Concomitantly, students could engage in a philosophical analysis of the problem of evil, learning about the concepts of consistency and inconsistency, specifically through the context of the inconsistency argued to arise between the divine attributes of omnipotence, omniscience, and supreme goodness, on the one hand, and the existence of evil, on the other.[6] Students could develop their skills in counterarguing by studying responses to Augustine’s theodicy.
A course on Islam might involve an introduction to key Islamic theologians, including al-Ghazālī (Abū Hāmid Muhammad ibn Muhammad al-Ghazālī) and Averroes (Ibn Rushd). Among the topics covered in lessons over those weeks could be the roles and significance in Islamic scholastic theology (‘Kalām’) of al-Ghazālī and Averroes, such as al-Ghazālī’s contributions to Sufism and Averroes’ historical significance in the perception of Islam in the medieval Christian West. Among the topics covered during the philosophy lessons over those same weeks could be a philosophical analysis of the Kalām cosmological argument as it was proposed by al-Ghazālī,[7] and the ‘omnipotence paradox’ facing God’s purported omnipotence, as it was addressed by Averroes.

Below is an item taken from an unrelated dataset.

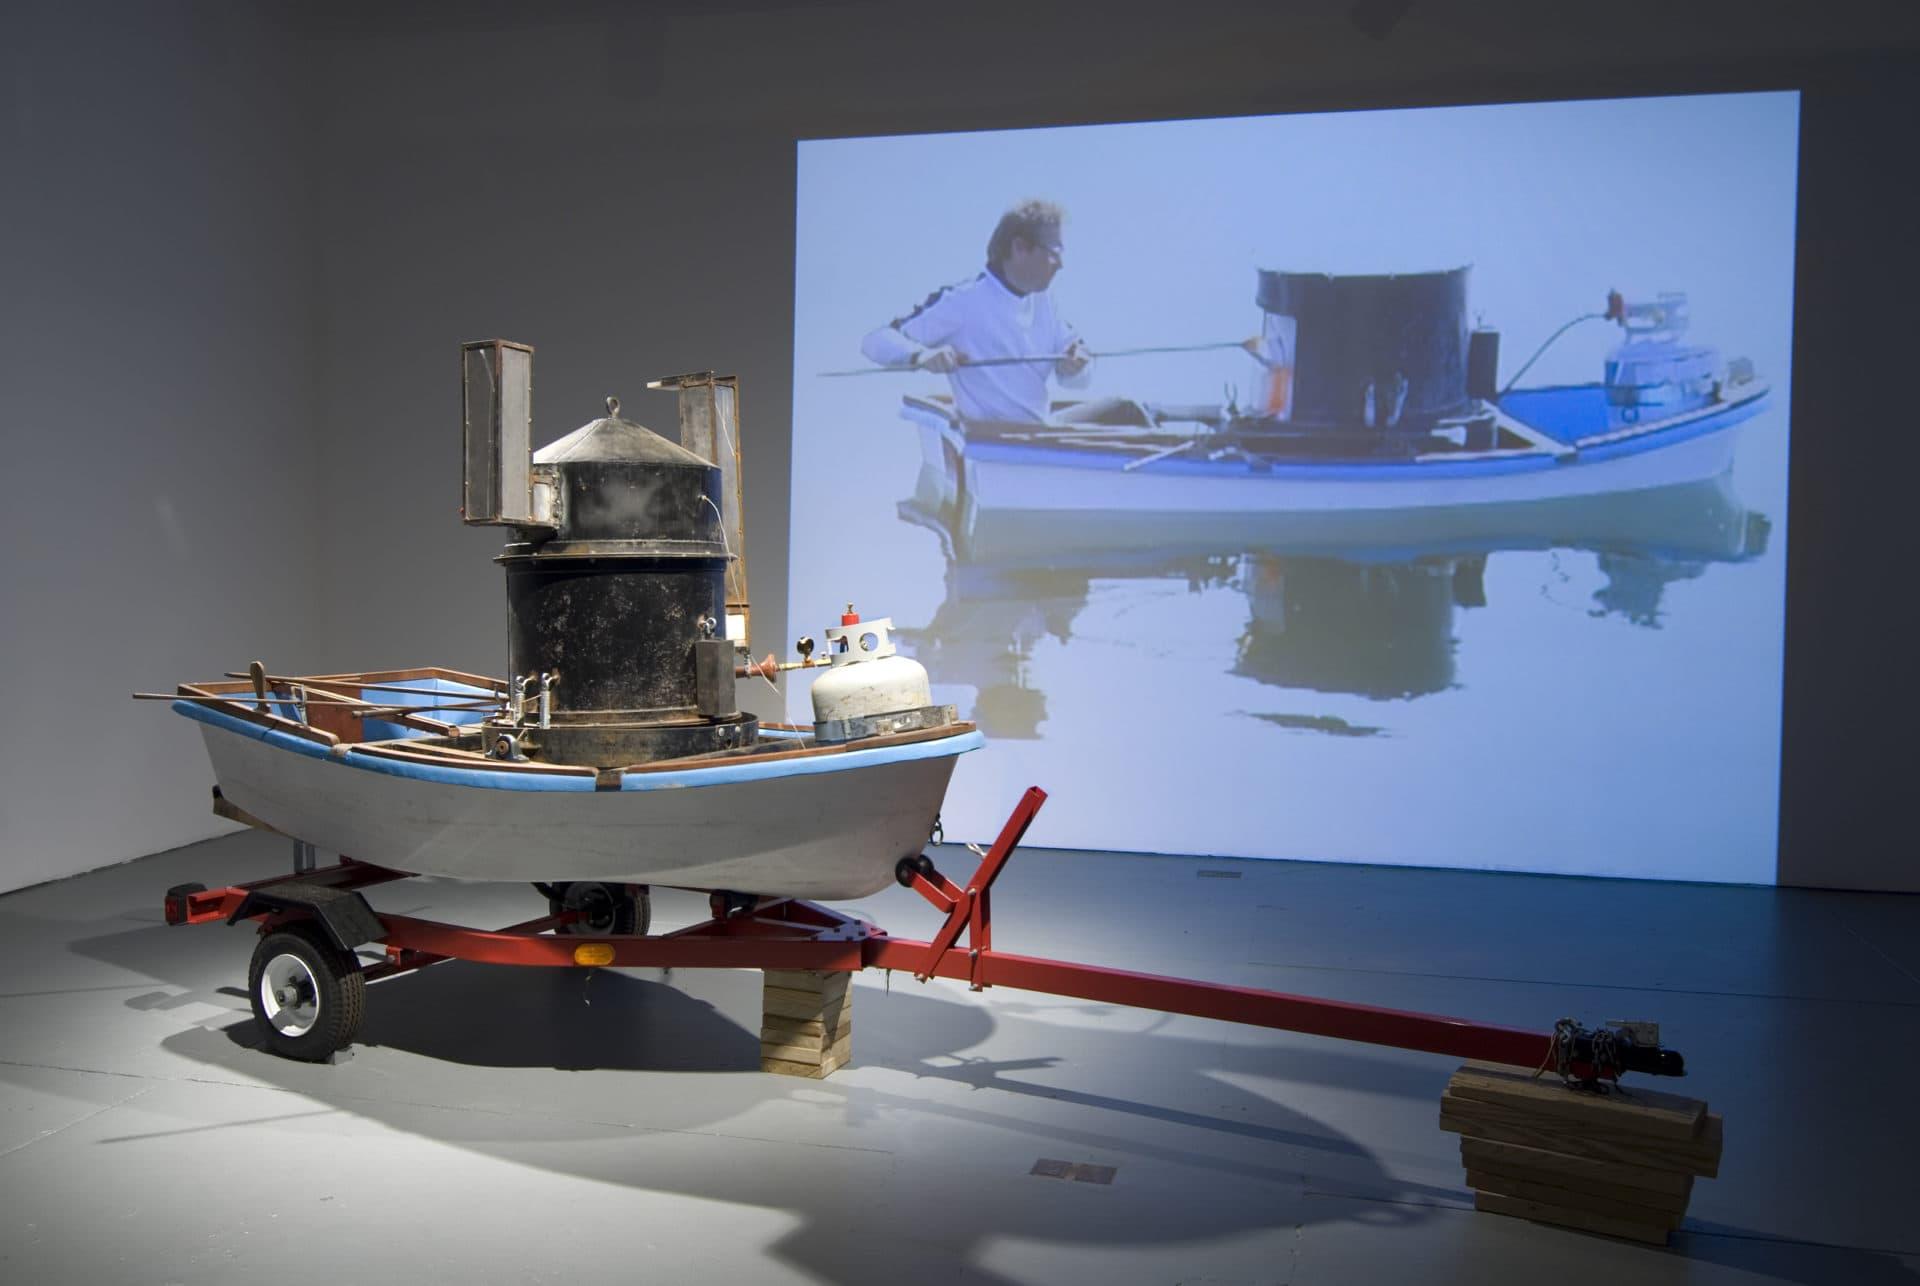 """Chris Taylor """"Precaución para embarcaciones pequeñas,"""" El estudio de soplado de vidrio está construido en una canoa lanzada al Océano Atlántico, en exhibición en Real Art Ways en Hartford, Connecticut.  (Cortesía del artista)"""

Concomitantly, students could study the structure of the arguments and learn about the concepts employed, such as those of a paradox, a contradiction, a self-contradiction and an infinite regress. Students could consolidate their understanding of concepts learned throughout religious studies, such as the divine attributes, including omnipotence and divine perfection.
Concluding remarks
An important component of values education is providing students with the best tools and methods available to enable them to form independent critical judgements about their beliefs. This can be achieved by providing an education in critical thinking and applying it to those fields where the values and beliefs that underpin worldviews and influence the ways in which people live are most often acquired.
Teaching values is extremely difficult. Less difficult is equipping students with the conceptual tools and methods to independently critically assess their values and beliefs. Although less difficult, this is, arguably, no less important. It provides students with skills to make independent, rational, critical judgements about beliefs and values. This, I would argue, is an important part of what we should aim to offer through values education.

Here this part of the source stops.